Oruro, Potoí: 21.08. – 03.09.2010

Actually was our extended visit in the garage exactly at the right time, we could not have continued anyway. During that time there were strikes in the poorest region of Bolivia, in the mining center of Potosí. Already since a week thousands of miners and farmers have been on strike for an economical development of their department, for a construction of a cement factory as well as for a new airport. As well as the government had to solve an old border dispute between the neighboring department of Oruro, about areas ‘full’ of gold, uranium, copper and lithium.

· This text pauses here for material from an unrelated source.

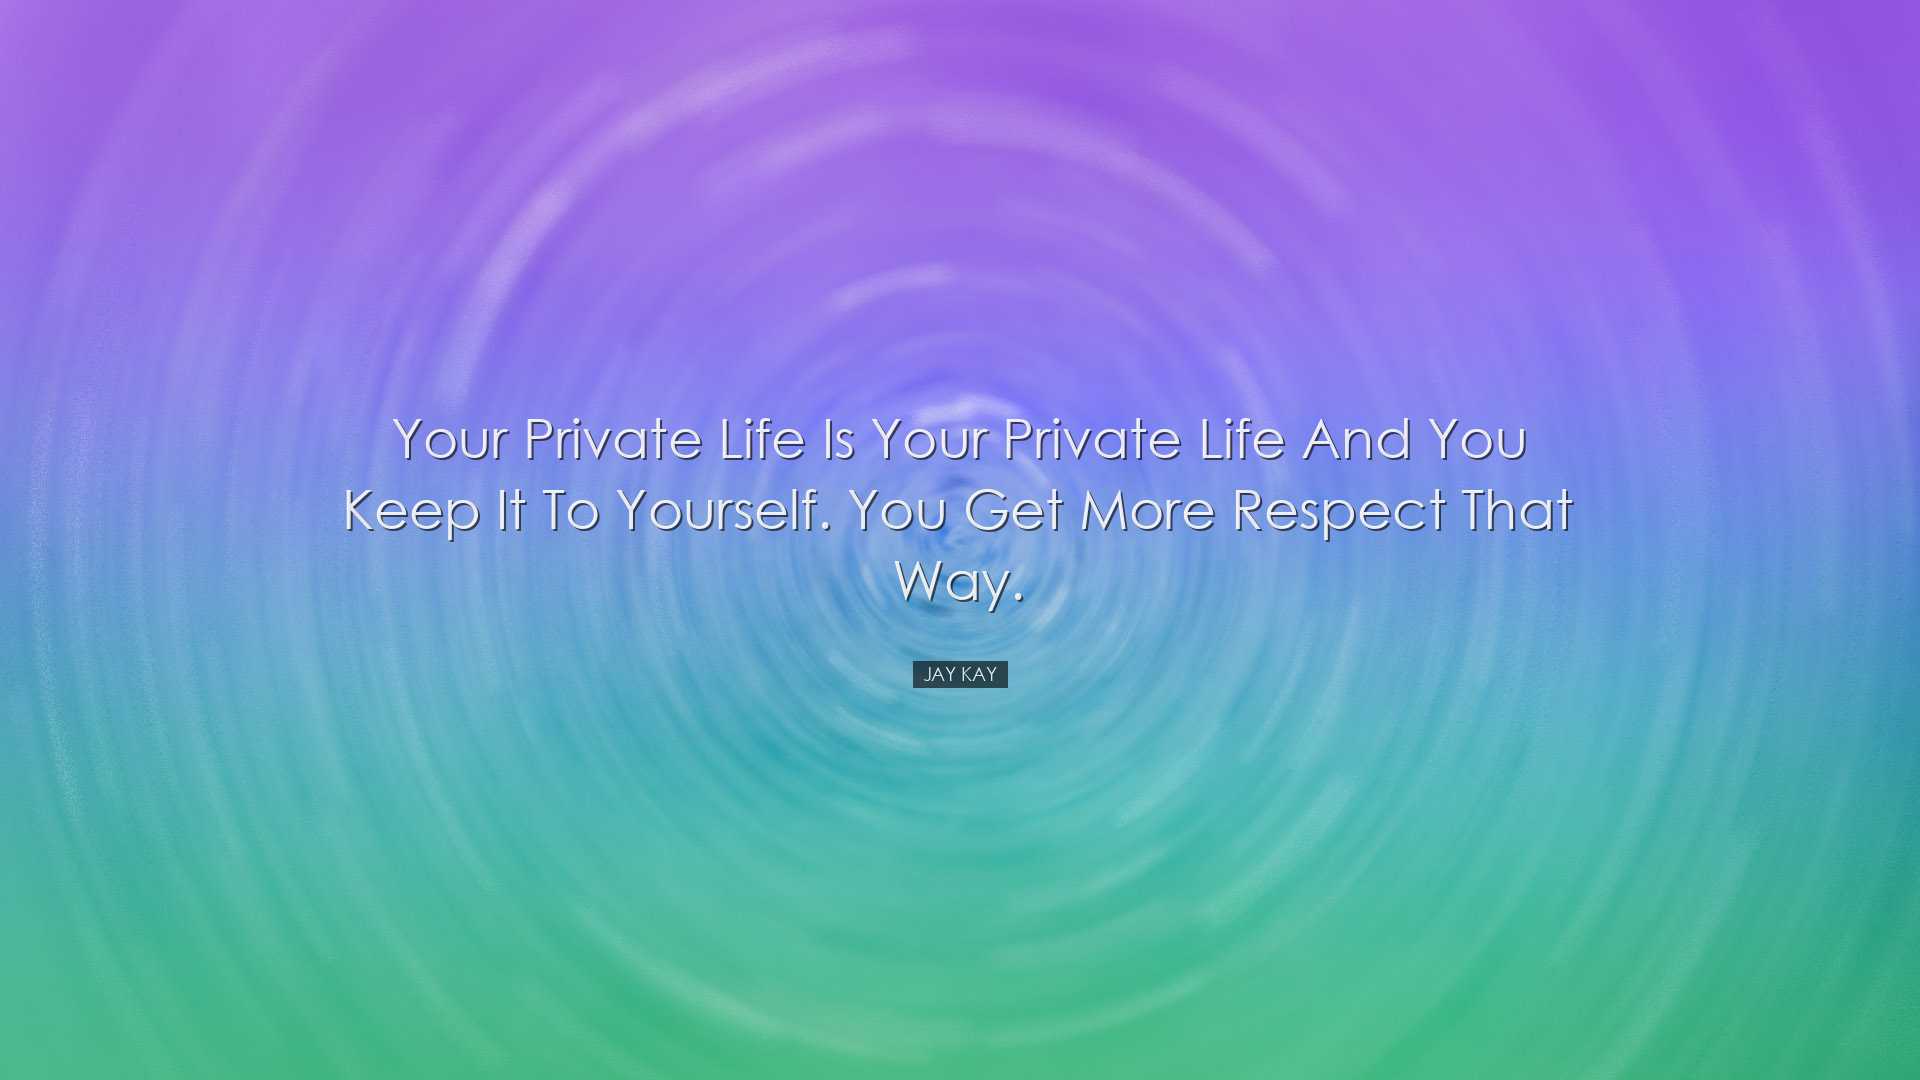 Your private life is your private life and you keep it to yourself

How something like that looks in Europe we know, but here in Bolivia such a strike is something else. If here roads get blocked no entry- not to talk about exit of a town is possible anymore. Tree trunks, Busses, giant fireplaces or whatever is around is used to block the roads and locals armed sometimes even with explosives, but normally with stones and shovels stop everything that wants to get past. Beside that it was about to escalate as opposing communities in Oruro started to block the roads into Potosí and eliminated food and gasoline supply for the department. In smaller town it might be possible to buy your way thru but with protests in these dimension one better waits or plans its way around it. Even if these strikes normally do not solve any problems we can at least understand the people. Bolivia is one of the richest countries on mineral recourses, but its people are among the poorest in Latin America. With an exception of the almost empty silver mountain Cerro Rico in Potosí it all seems to be sold out to foreign companies. In the first half year 2010 Bolivia exported mineral recourses worth 923 Million Dollars (according the national statistic board). The people get nothing of it. Only because they ran out of food supply the blockades stopped after 17 days. Besides three ministers agreed to talks with the activists. If they brought any results, we do not know. But we definitely wish it for the people.

Now our journey could continue to one of the highlights in South America the Salar de Uyuni. With 12’106 square kilometer at 3’653 meter above sea level it is the largest salt flat on earth. It developed from an ancient ocean that dried out as the altiplano got lifted and what’s left call the locals not for nothing ‘white ocean’.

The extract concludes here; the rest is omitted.